● **Work order**
The task calls for the lines below from the line with "Etienne Aigner X- Limited" to the line with "High Quality Digital Image Greece <4> Creta", both ends included, copied exactly, without any pictures.

● **Information supplied**
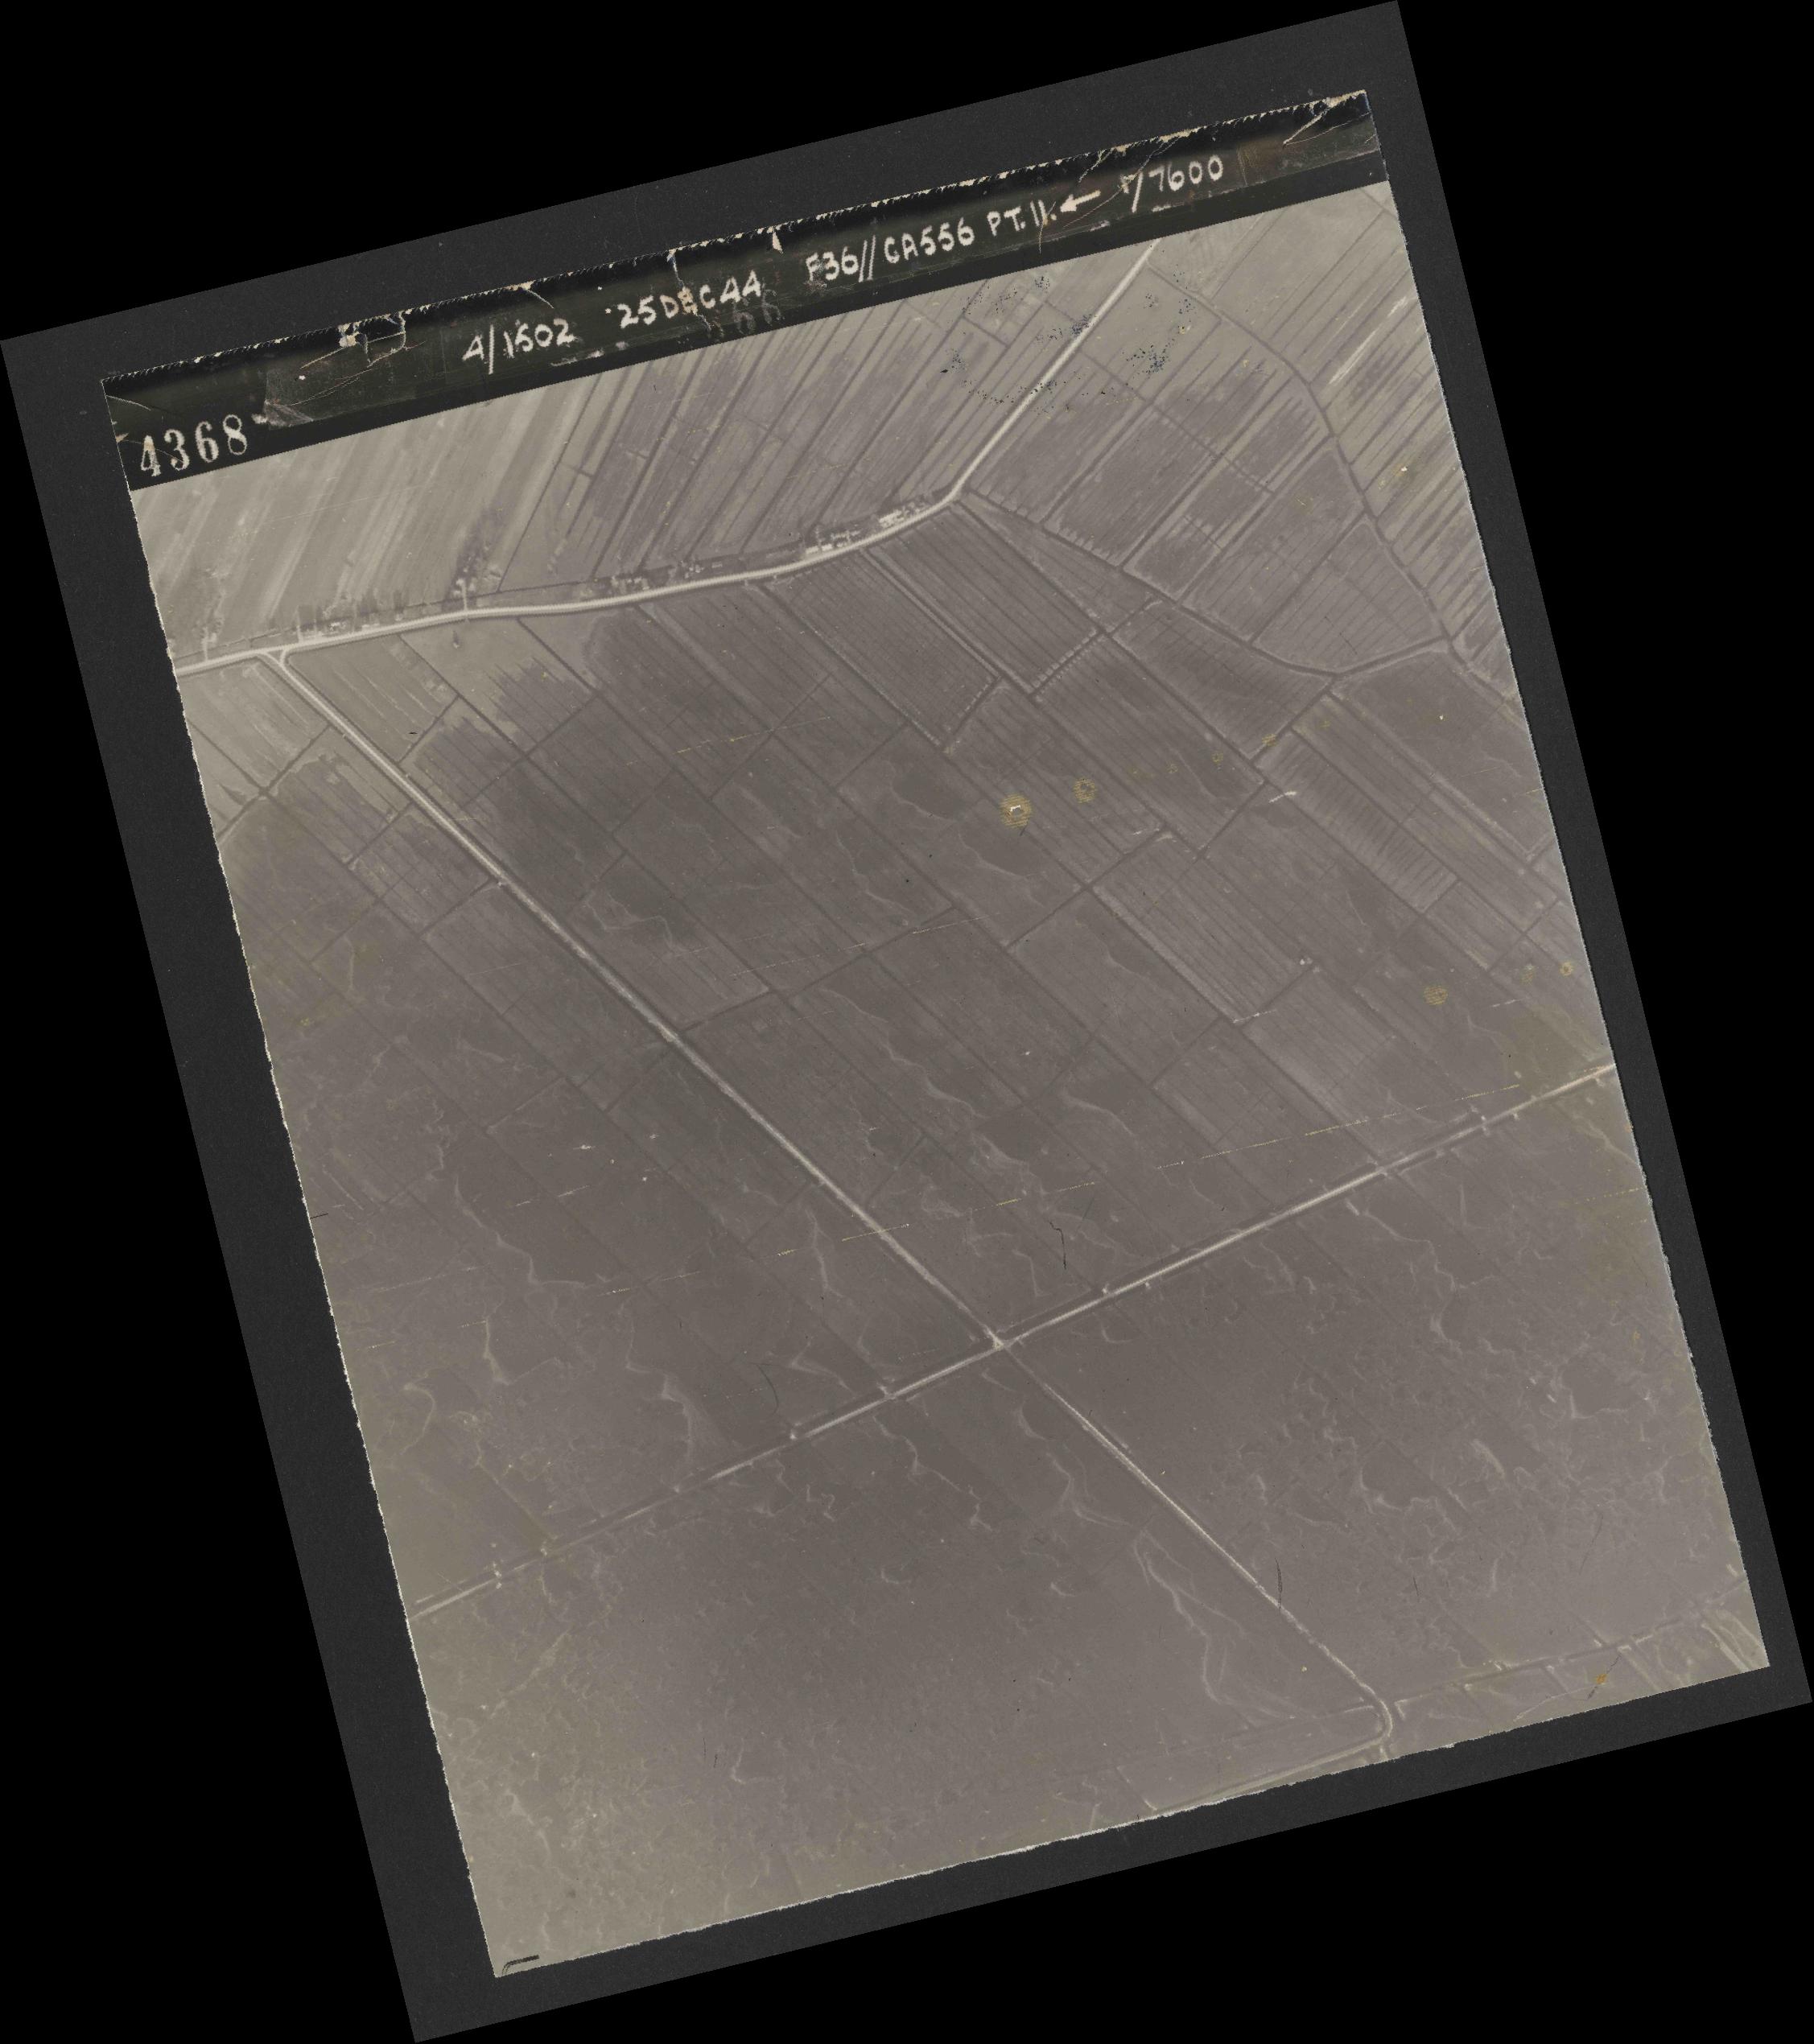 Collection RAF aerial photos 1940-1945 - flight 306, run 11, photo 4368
--
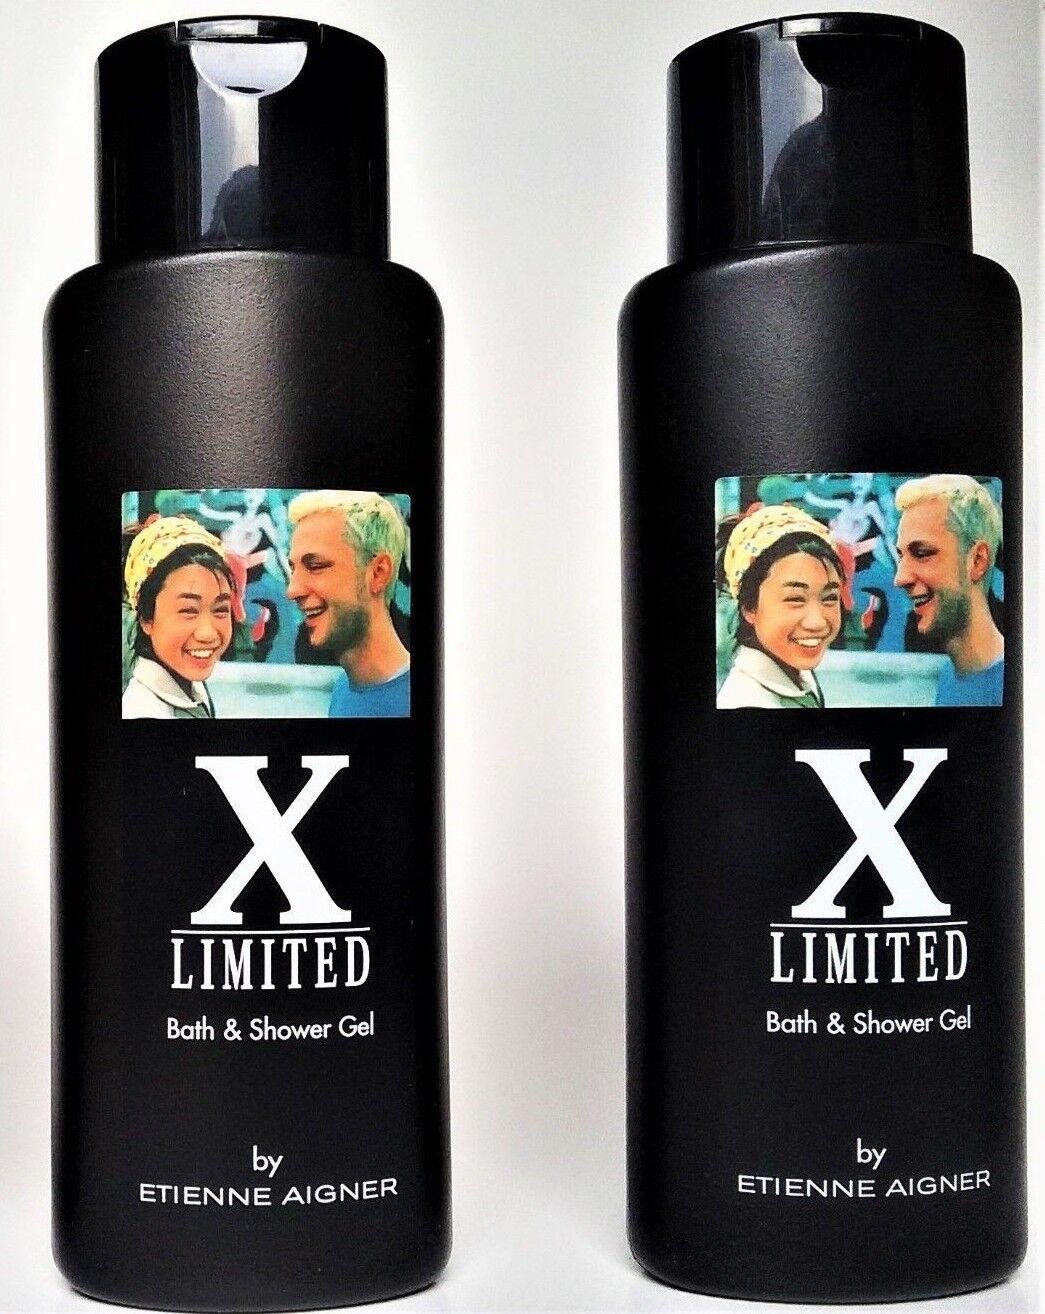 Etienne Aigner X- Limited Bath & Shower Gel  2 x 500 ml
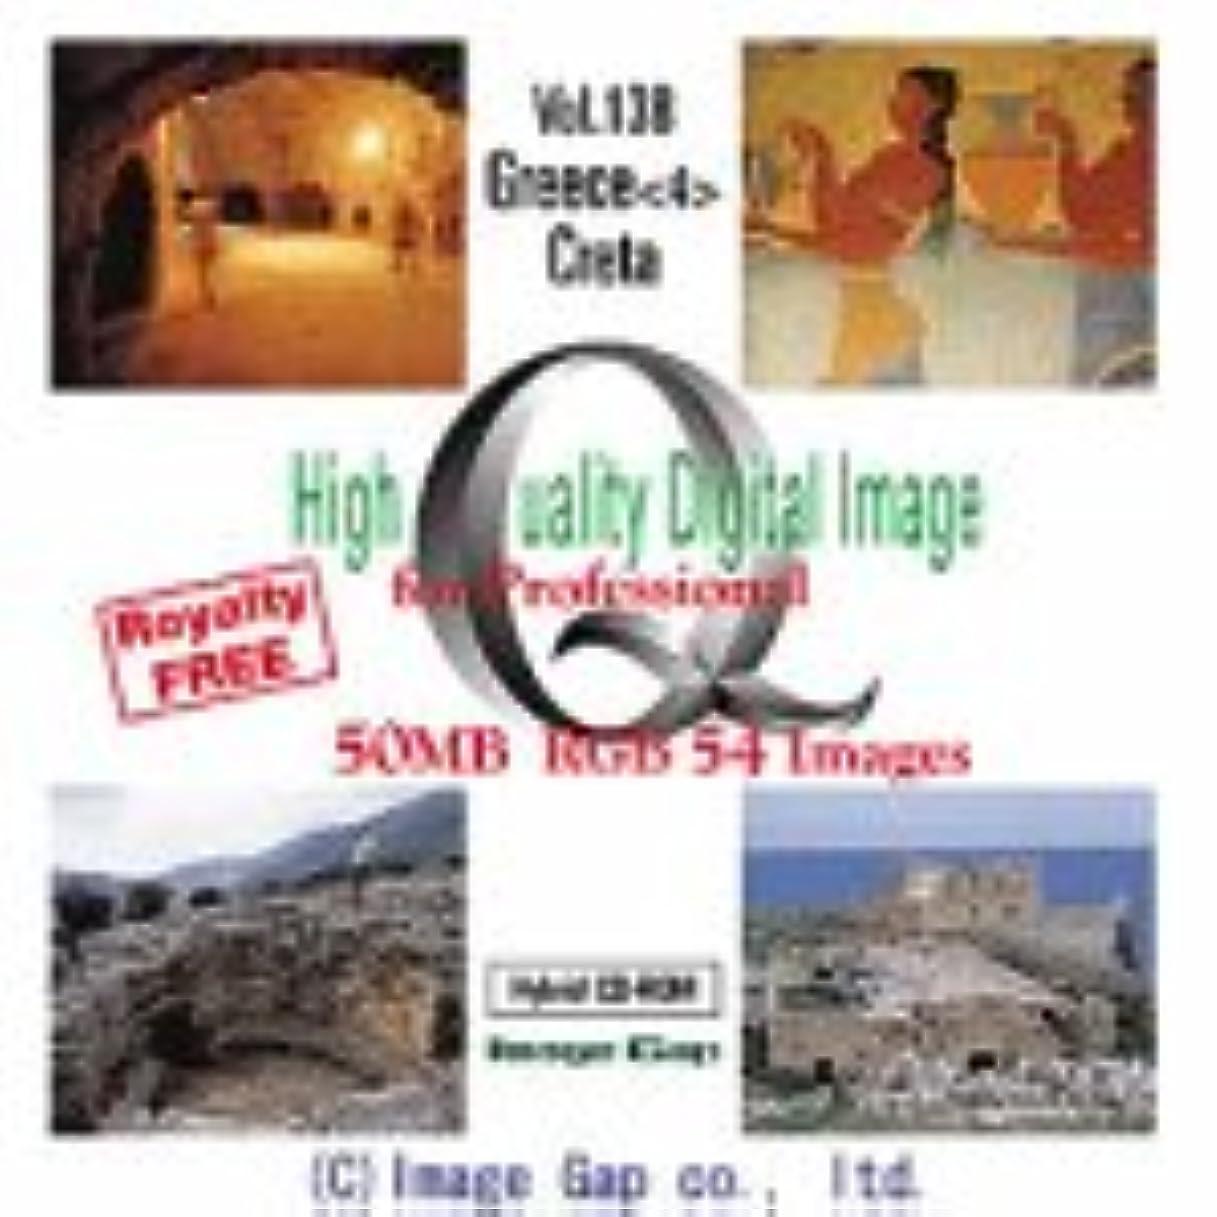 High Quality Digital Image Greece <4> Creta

● **Answer for the task**
 Etienne Aigner X- Limited Bath & Shower Gel  2 x 500 ml
 High Quality Digital Image Greece <4> Creta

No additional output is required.